Дважды — после часов, проведенных у постели больного Бена, — Труда приходила в бюро Хайнца Люкки, просила, плакала и умоляла, чтобы тот использовал свое влияние и Бен смог вернуться домой. Однако в сложившейся ситуации Хайнц Люкка мало что мог сделать.
Именно Бруно Клою удалось переубедить Эриха Йенсена. Какие аргументы оказались столь весомыми, что помогли, он Труде не сказал. Труда вообще не понимала, почему Бруно заступился за Бена. Но его мотивы были ей не так важны. Важным был сам его поступок, освободивший ее от страха и заставивший усомниться, что Бруно имел какое-то отношение к исчезновению артистки… Хотя можно было посмотреть на дело и по-другому. Опытные воспитатели в приюте поняли бы, вероятно, что Бен делал с куклами, и занялись бы расследованием.
В результате от города пришел только счет за привлечение пожарной команды и в письменной форме требование надежно оградить опасный земельный участок. Якоб, скрежеща зубами, оплатил счет, купил деревянных планок и несколько метров проволочной сетки. Из приобретенного материала построил нечто наподобие конуса и установил его над шахтой. Якоб заявил, что и не подумает огораживать земельный участок целиком, наподобие концентрационного лагеря. Труда просила об этом, но Якоб запретил ей разговоры на эту тему.
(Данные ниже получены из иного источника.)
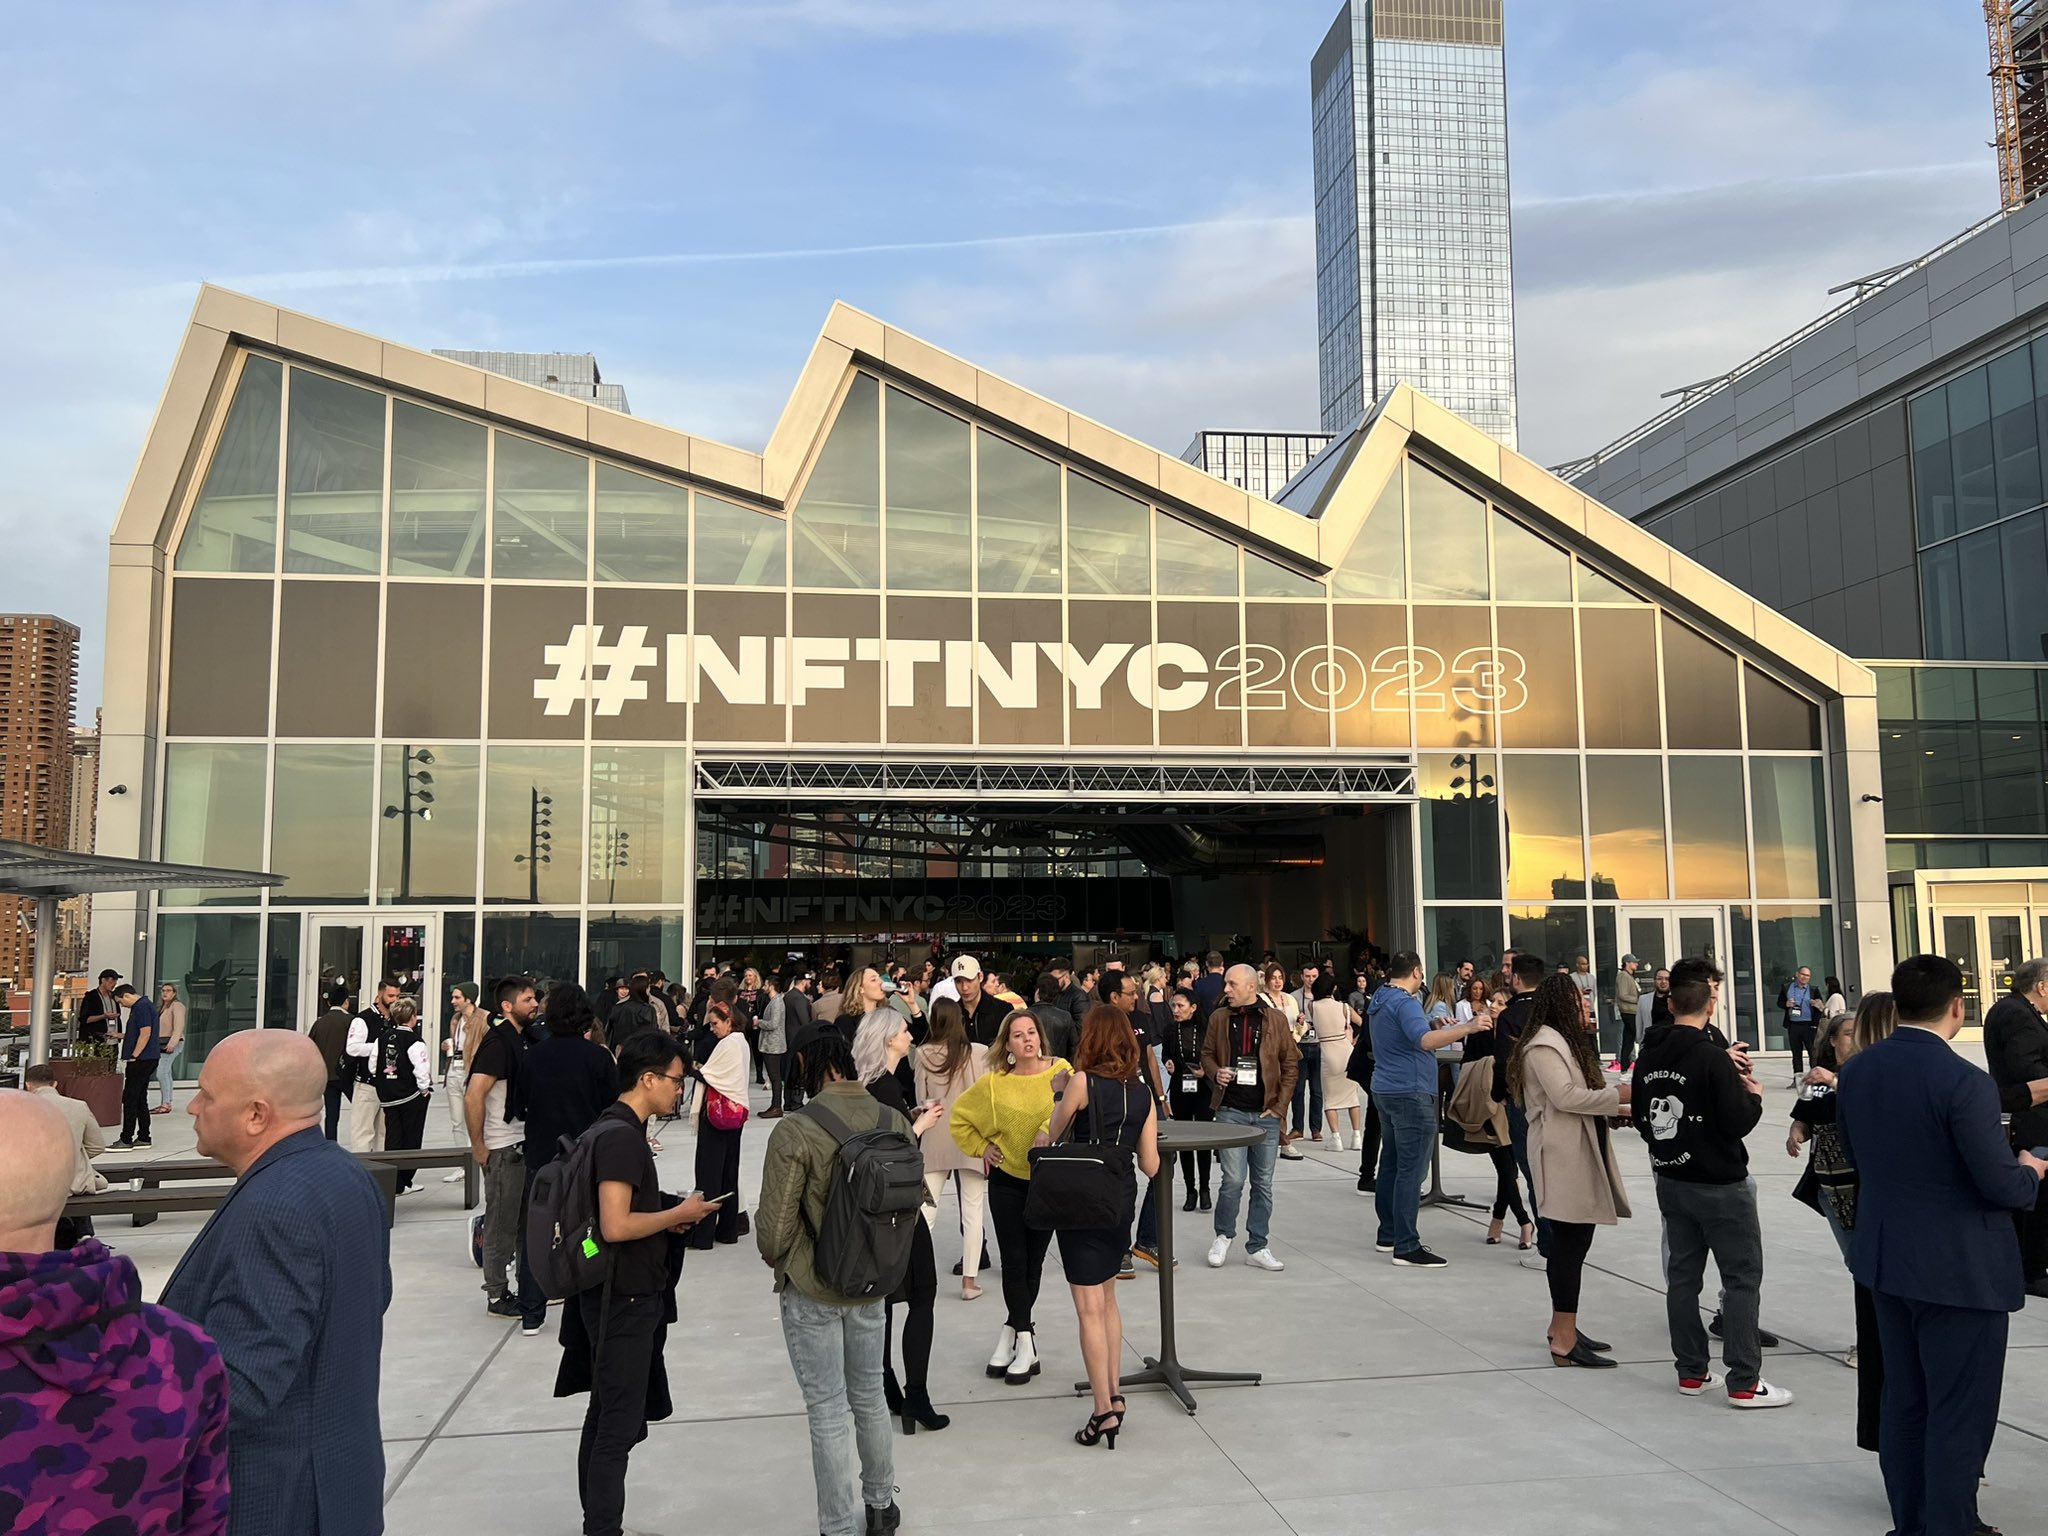 NFTNYC: As the New York crypto community brace for NFT NYC 2024, unpack the hype with 99Bitcoin's guide to NFT NYC dates and tickets.

Бен оправился от физических ран, но не от психических. Четырнадцать дней в чужой среде, когда знакомые лица то появлялись, то исчезали. Они приходили, но не забирали его с собой. И в большинстве случаев затем приходил кто-нибудь и колол ему в руку иглу, так как он начинал бушевать. Для Бена больница стала более тяжелым наказанием, чем палка Бэрбель и время, проведенное в шахте.
Он стал замкнутым и недоверчивым. Когда Труде разрешили наконец забрать его домой, он больше от нее не отходил. Если они находились в кухне, он забивался куда-нибудь в угол и безучастно о чем-то размышлял. Когда Якоб возвращался домой к обеду или вечером, он ненадолго поднимал голову, жмурился, как кошка, выпрашивающая расположения у хозяина, и придвигался поближе к Труде.
Анита съехала от них в июле, сдала экзамен на аттестат зрелости и сняла комнату в Кельне, чтобы спокойно ждать начала учебы. Когда Бэрбель приходила из школы, Бен крепко хватался за халат Труды, готовый следовать за нею даже в уборную. Если Труде нужно было идти в деревню, он бежал рядом, держал ее за руку, направив взгляд на лицо, как будто хотел убедиться, что она действительно еще здесь.